Add "loop" feature to instructions in static extractors. by larchchen · Pull Request #3075 · mandiant/capa

larchchen · 2026-05-15T14:53:25Z

Detecting API happening in a loop is an effective approach for exploits leveraging racing conditions.

A classic example is DirtyCow (CVE-2016-5195)
By detecting madvise calls inside a loop with MADV_DONTNEED argument.

  scopes:
    static: basic block
  features:
    - and:
      - api: madvise
      - number: 4 # Constant for MADV_DONTNEED
      - characteristic: inside loop

A more recent example CVE-2024-50066 can be covered by

  - and:
    - api: madvise
    - number: 25 # MADV_COLLAPSE
    - characteristic: inside loop

Checklist

No CHANGELOG update needed

No new tests needed

No documentation update needed

This submission includes AI-generated code and I have provided details in the description.

github-actions

Please add bug fixes, new features, breaking changes and anything else you think is worthwhile mentioning to the master (unreleased) section of CHANGELOG.md. If no CHANGELOG update is needed add the following to the PR description: [x] No CHANGELOG update needed

CHANGELOG updated or no update needed, thanks! 😄

github-actions

Please add bug fixes, new features, breaking changes and anything else you think is worthwhile mentioning to the master (unreleased) section of CHANGELOG.md. If no CHANGELOG update is needed add the following to the PR description: [x] No CHANGELOG update needed

github-actions

Please add bug fixes, new features, breaking changes and anything else you think is worthwhile mentioning to the master (unreleased) section of CHANGELOG.md. If no CHANGELOG update is needed add the following to the PR description: [x] No CHANGELOG update needed

github-actions

Please add bug fixes, new features, breaking changes and anything else you think is worthwhile mentioning to the master (unreleased) section of CHANGELOG.md. If no CHANGELOG update is needed add the following to the PR description: [x] No CHANGELOG update needed

gemini-code-assist

Code Review

This pull request introduces the 'inside loop' characteristic for basic blocks in the BinExport2 extractor. It adds a new utility module, capa/features/extractors/loops.py, which uses networkx to identify vertices within cycles. Feedback identifies a structural issue in the new loops module where code precedes the license header and lacks necessary imports. Additionally, suggestions were made to move a local import to the top level for PEP 8 compliance and to simplify edge collection logic using a list comprehension.

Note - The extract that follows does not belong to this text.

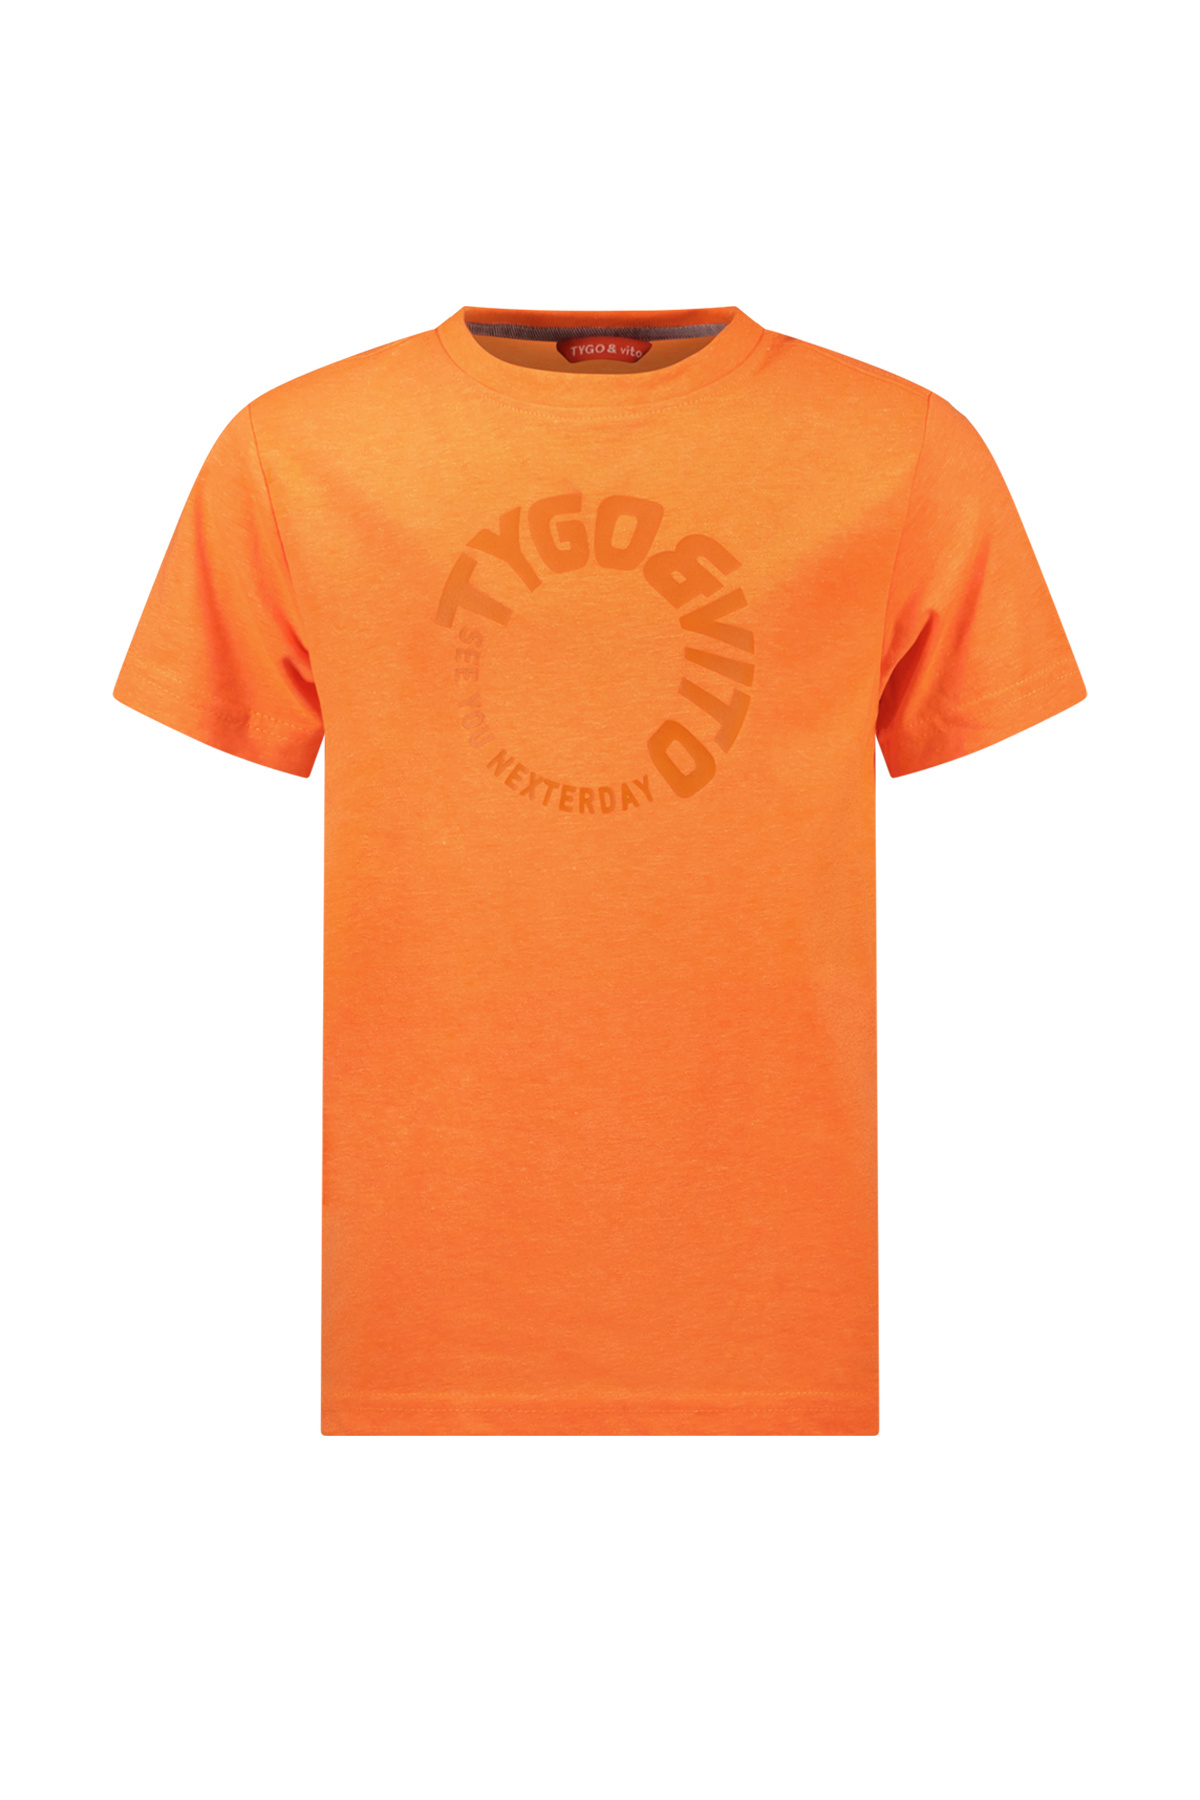 TYGO & vito X402-6426 Jongens T-shirt - Neon Orange - Maat 122-128

CHANGELOG updated or no update needed, thanks! 😄

mike-hunhoff · 2026-05-15T17:55:39Z

Thank you for iterating on this! After reviewing the implementation and thinking about how to best align this with capa's architecture and performance constraints, I suggest a unified path forward that simplifies the rule authoring experience and minimizes performance overhead.

Here is the suggested implementation strategy:

1. Reuse the existing `loop` characteristic

Instead of introducing a new name like inside loop at the basic block scope, let's just yield the existing Characteristic("loop") at the instruction scope for instructions contained within a cycle.

Why: This avoids inflating the rule vocabulary and maintains perfect backward compatibility. By extracting it at the narrowest scope (instruction), it will automatically bubble up to basic block and function scopes properly.

2. Perform Graph Analysis Once Per Function (Performance)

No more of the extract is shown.